DropMAE

Masked Autoencoders with Saptial-Attention Dropout for Tracking Tasks[1]

作者是来自CityU、IDEA、Tecent AI Lab、CUHK(SZ)的 Qiangqiang Wu、Tianyu Yang、Ziquan Liu、Baoyuan Wu、Ying Shan、Antoni B.Chan. 论文引用[1]:Wu, Qiangqiang et al. “DropMAE: Masked Autoencoders with Spatial-Attention Dropout for Tracking Tasks.” 2023 IEEE/CVF Conference on Computer Vision and Pattern Recognition (CVPR) (2023): 14561-14571.

Time

  • 2023.Apr

Key Words

  • masked autoencoder
  • temporal matching-based
  • spatial-attention dropout

动机

  1. 将MAE应用到下游任务如: visual object tracking(VOT) and video object segmentation(VOS). 简单的扩展MAE是mask out frame patches in videos and reconstruct the frame pixels.然而作者发现这个会严重依赖于spatial cues, 当进行frame reconstruction的时候忽略temporal relations, 这个导致sub-optimal temporal matching representations for VOT and VOS.

总结

  1. 采用adaptively spatial-attention dropout in the frame reconstruction,来促进temporal correspondence learning in videos. 作者展示了dropMAE是一个很强的、efficient temporal matching learner. 实现了better fine-tuning results on matching-based tasks. 作者还发现motion diversity in pre-training videos比scene diversity更重要。 预训练的dropMAE能够直接用现有的ViT-based trackers for fine-tuning without further modifications.

  2. 在VOT中最近的两个工作,SimTrack和OSTrack,都是用MAE pre-trained ViT model作为trackign backbone, 不需要复杂的tracking pipelines,实现了很好的效果。它们的MAE是在ImageNet上的。没有先验的时序信息能在静态图像上学习到。之前的追踪方法表明:temporal correspondence learning 对于develop一个robust tracker是关键的。因此develop MAE framework specifically for matching-based videos tasks 是一个机会。

  3. Extend MAE to videos 是随机mask out frame patches in a video clip, then reconstruct video clip. 像baseline TwinMAE,在重建patches的时候,会严重依赖 spatially neighbouring patches within the same frame, which implies a heavy co-adaptation of spatial cues(within-frame tokens) for reconstruction, 可能对于matching-based 下游任务,造成learning of sub-optimal temporal representation.

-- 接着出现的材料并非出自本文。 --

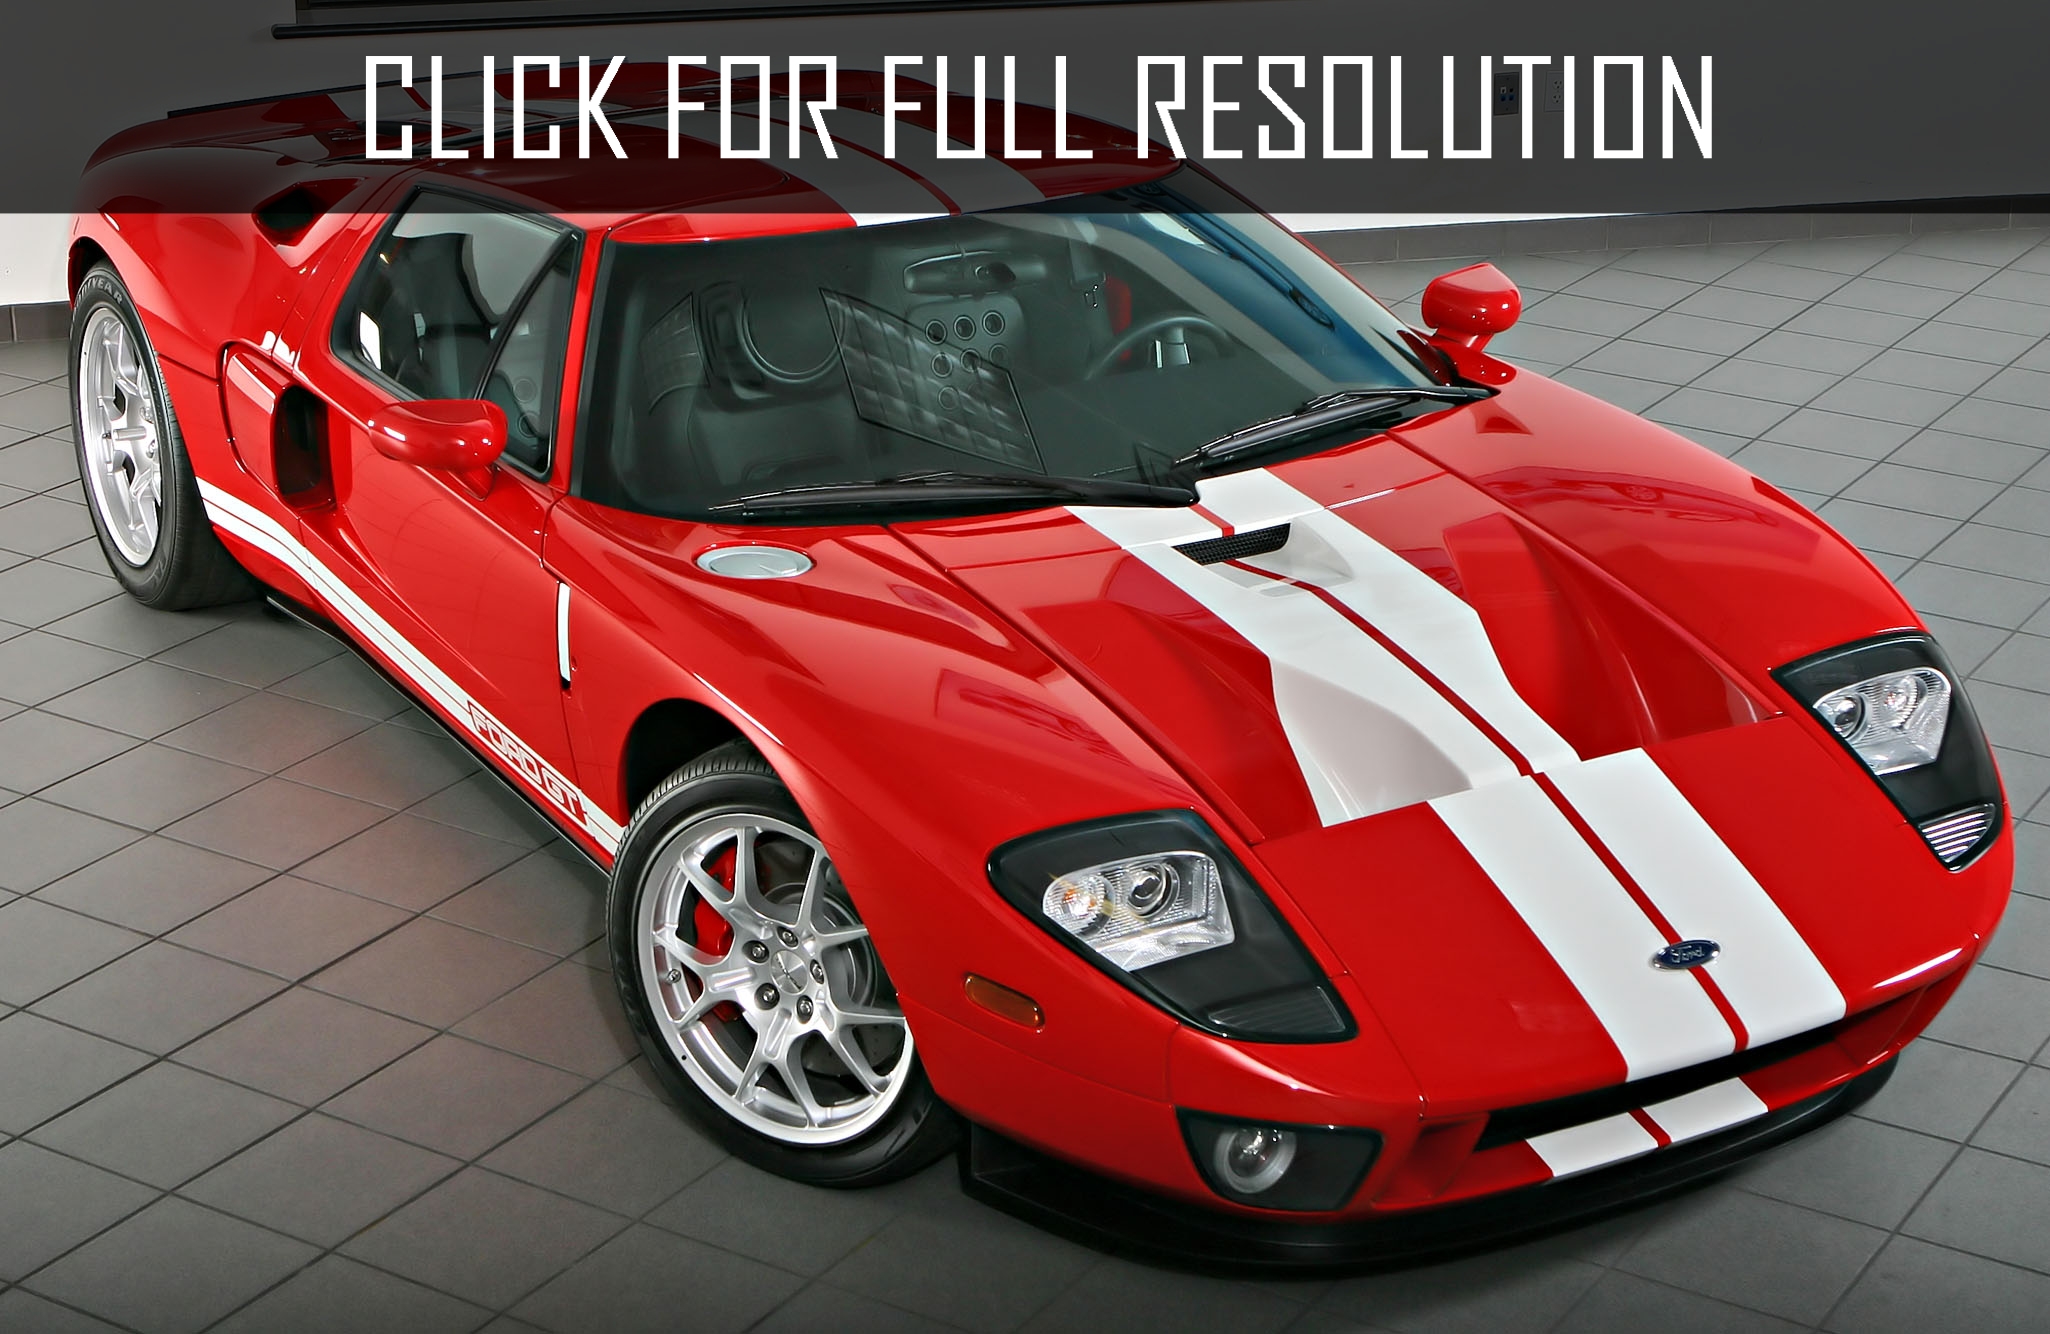 2005 Ford Gt

  4. 为了解决这个问题,dropMAE能够adaptively performs spatial-attention dropout to break up co-adaptation between spatial cues(within-frame tokens) during the frame reconstruction, 因此encouraging more temporal interaction and facilitating temporal correspondence learning.

  5. VOT:标首帧,然后预测之后的目标的boundingbox; VOS: 标首帧的binary mask,预测之后的target masks。之前VOT的方法,correlation filter-based approaches 占主导,因为它们能够很好地对target appearance variation进行建模。深度学习的发展,Siamese网络引入到了VOT, SiamFC用template和search images 作为target localization的输入。

  6. 自监督的方法中,有很多人工设计的代理任务(pretext tasks) for pre-training.例如:image colorization、jigsaw puzzle solving、future frame prediction、rotation prediction、Contrastive learning approaches. 然而,这些方法都对type 和strength of applied data augmentation敏感,使得它们很难训练。

  7. 不同于已有的VideoMAE,这个是用来做video action recognition的,在预训练的时候用一个long video clip(16 frames)。为了和VOT/VOS保持一致,在通常的object tracking中,从一个视频中采样2个frames作为TwinMAE的输入,来做预训练。

  8. Given a query token, 基本想法是adaptively drop a portion of its with-frame cues in order to facilitate the model to learn more reliable temporal correspondence. 就是限制同一个frame里的 query token和tokens之间的interaction, encourage more interactions with tokens in the other frame,这样模型会去学到更好的temporal matching ability.

  9. 用在VOT上的流程:

    • cropped template 和search images are firstly serialized into sequences and concatenated together,然后,总的sequence is added with the positional embeddings and input to the ViT backbone for joint feature extraction and interaction. 最后,updated search features are input to a prediction head to predict the target bounding box.
    • 在fine-tuning的时候,用预训练的DropMAE来初始化OSTracker中的ViT,同时 two frame identity embeddings are respectively added to template and search embeddings, in order to keep consistency with the pre-training stage. DropMAE \(Fig.3^{[1]}\): DropMAE: The proposed adaptive spatial-attention droput(ASAD) facilitates temporal correspondence learning for temporal matching tasks. TwinMAE follows the same pipeline except that the ASAD module is not used.